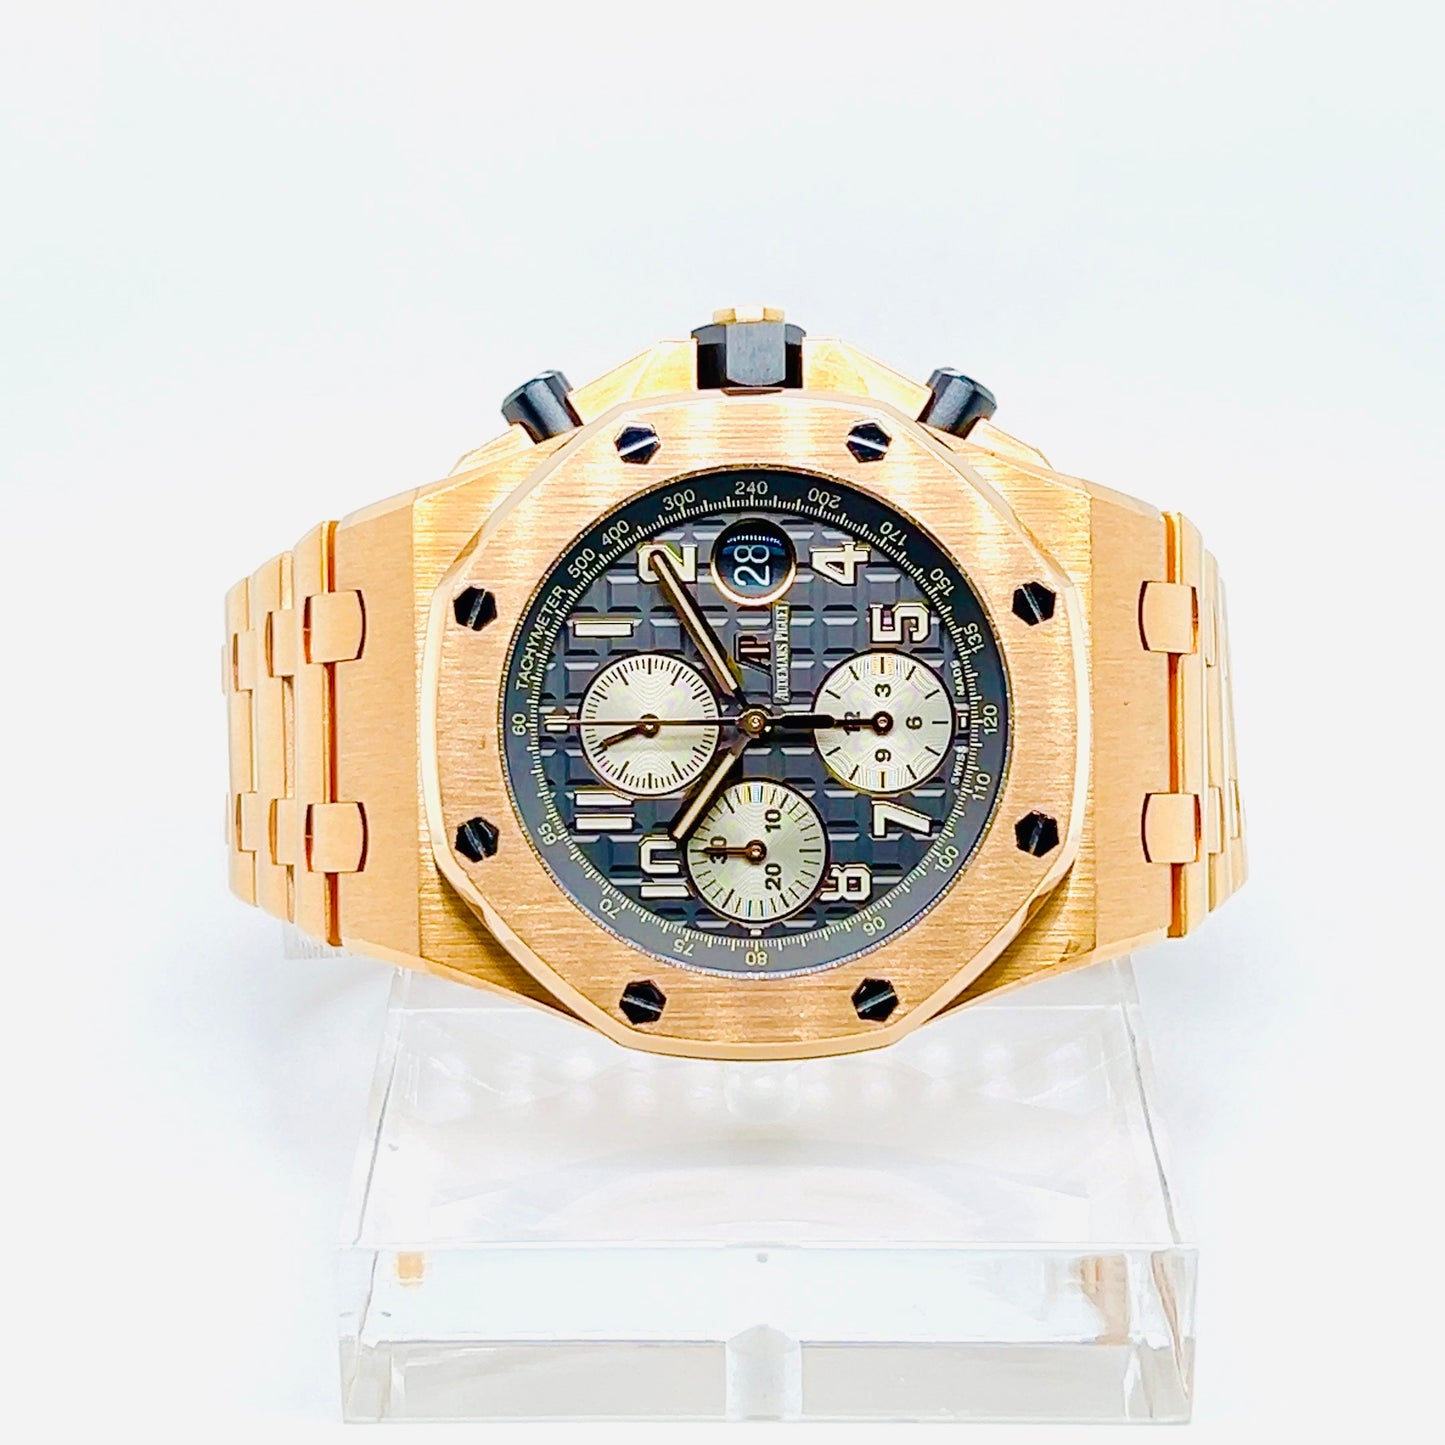 Audemars Piguet Royal Oak Offshore Selfwinding Chronograph Watch Model #26470OR.OO.1000OR.02
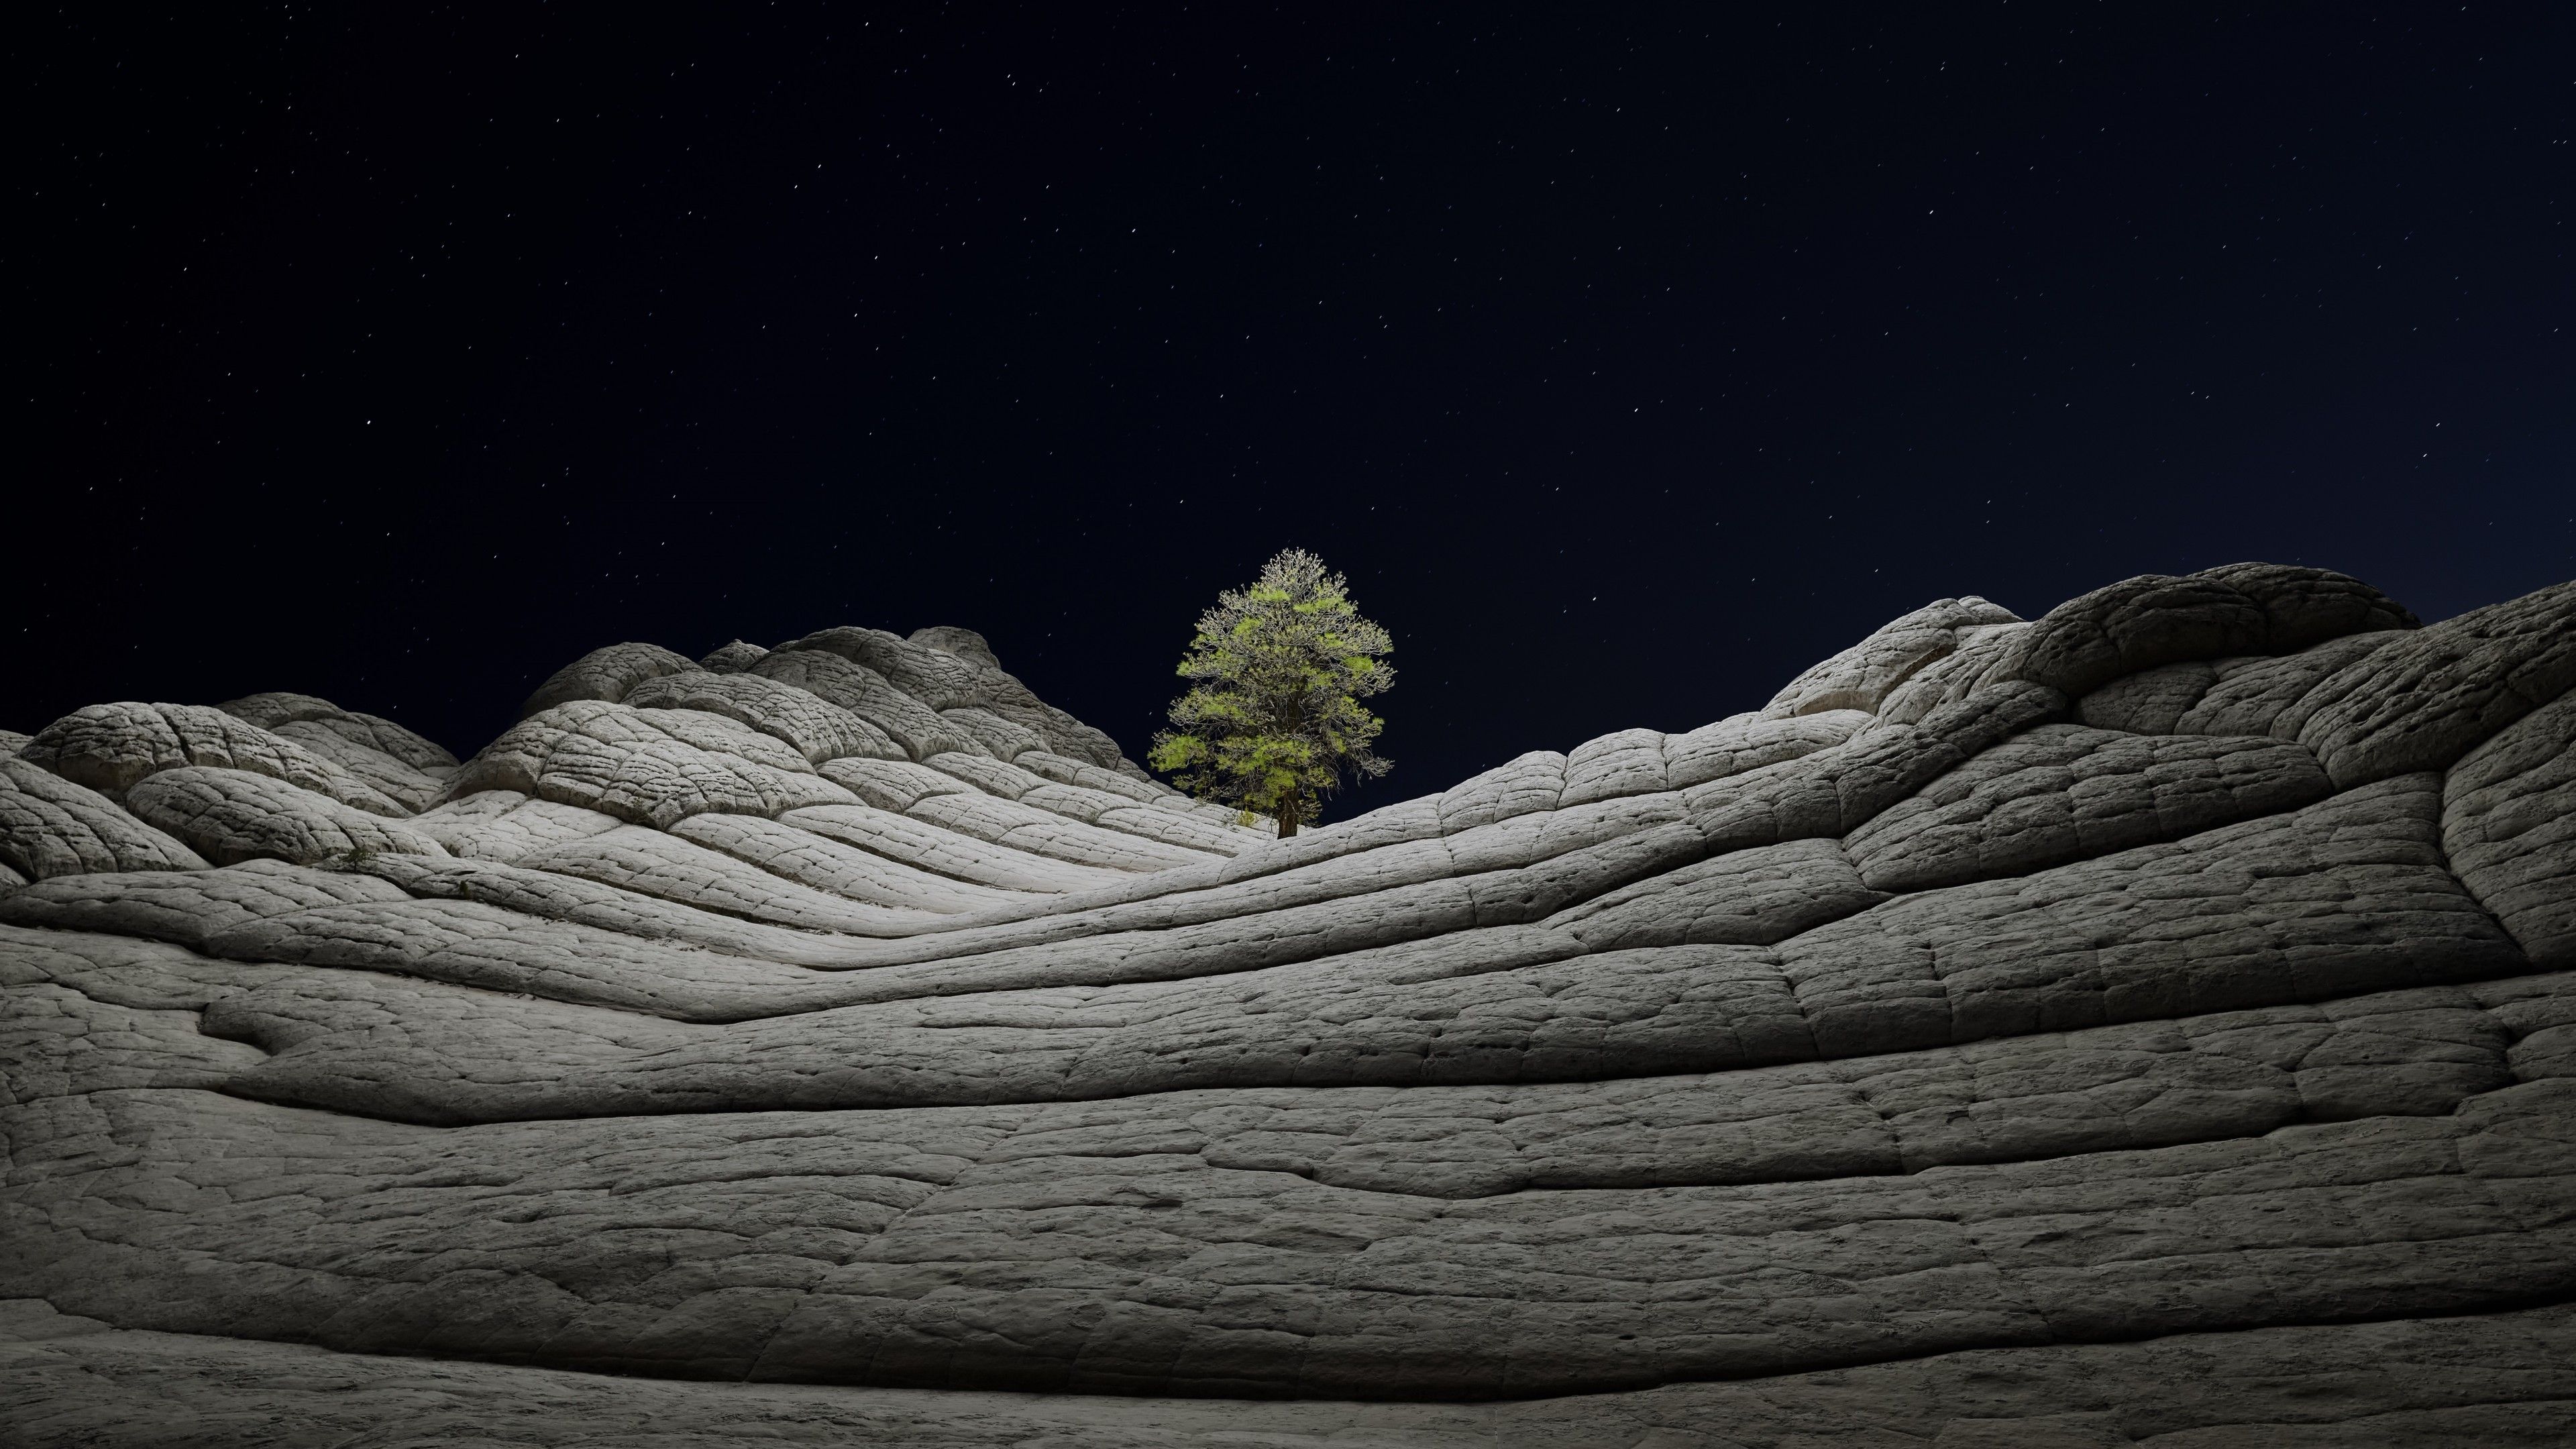 macOS Big Sur 4K Wallpaper, Stock, Night, Lone tree, Sedimentary rocks, Starry sky, Dark, iOS 5K, Nature
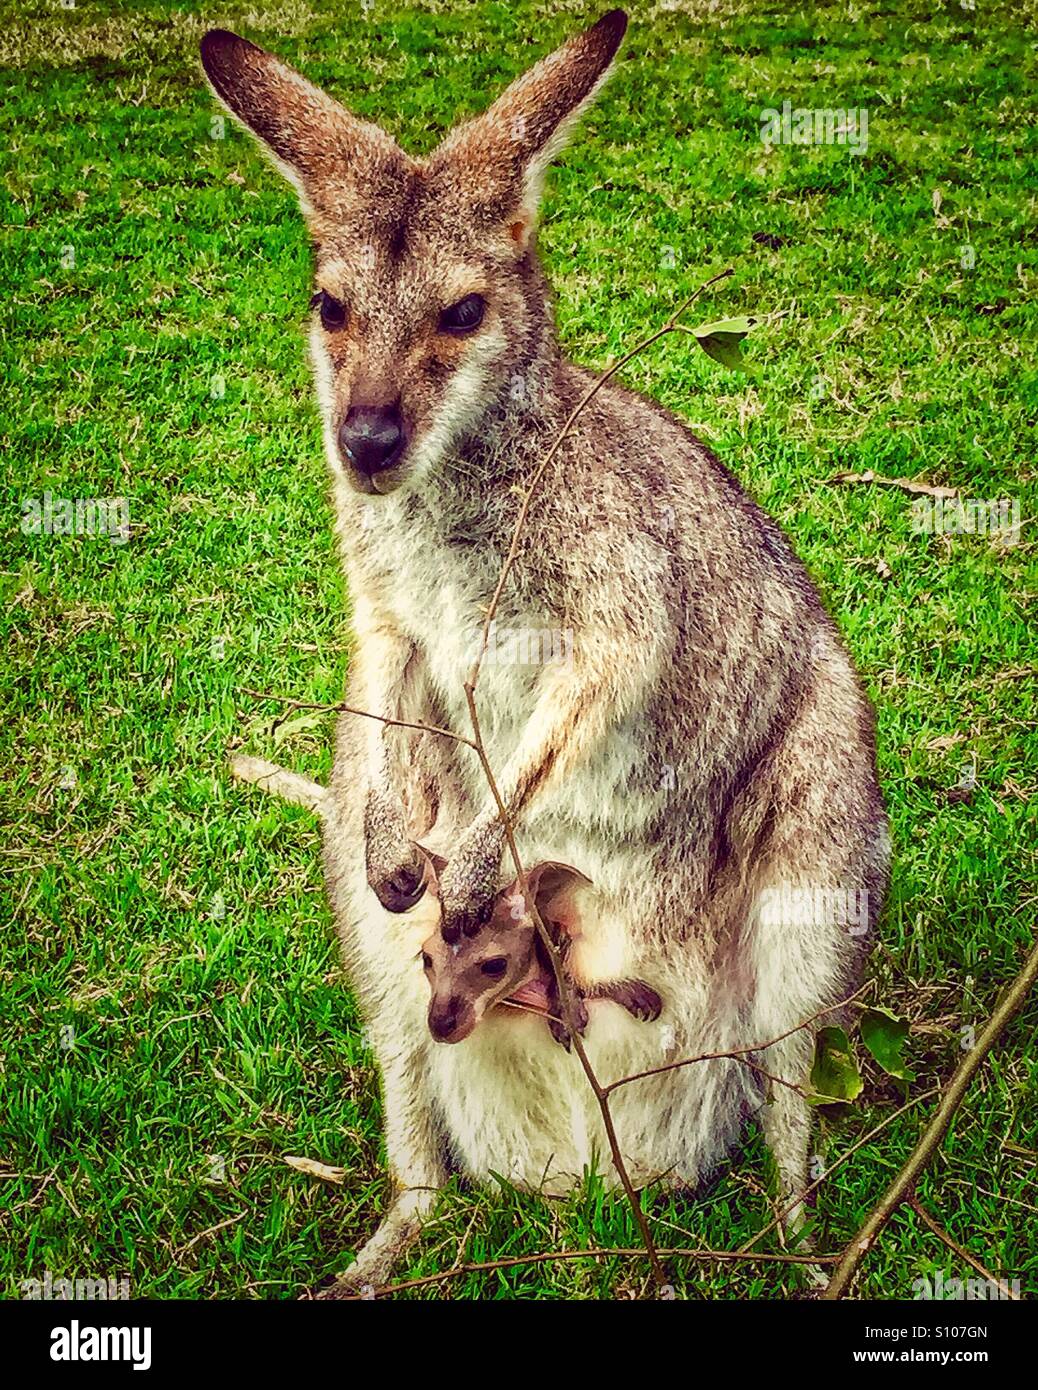 Mother kangaroo carrying baby kangaroo in the pouch Stock Photo - Alamy

###

Copy the data character for character, but drop all pictures from the copy.

 Audemars Piguet Royal Oak Offshore Selfwinding Chronograph Watch Model #26470OR.OO.1000OR.02
 macOS Big Sur 4K Wallpaper, Stock, Night, Lone tree, Sedimentary rocks, Starry sky, Dark, iOS 5K, Nature
 Mother kangaroo carrying baby kangaroo in the pouch Stock Photo - Alamy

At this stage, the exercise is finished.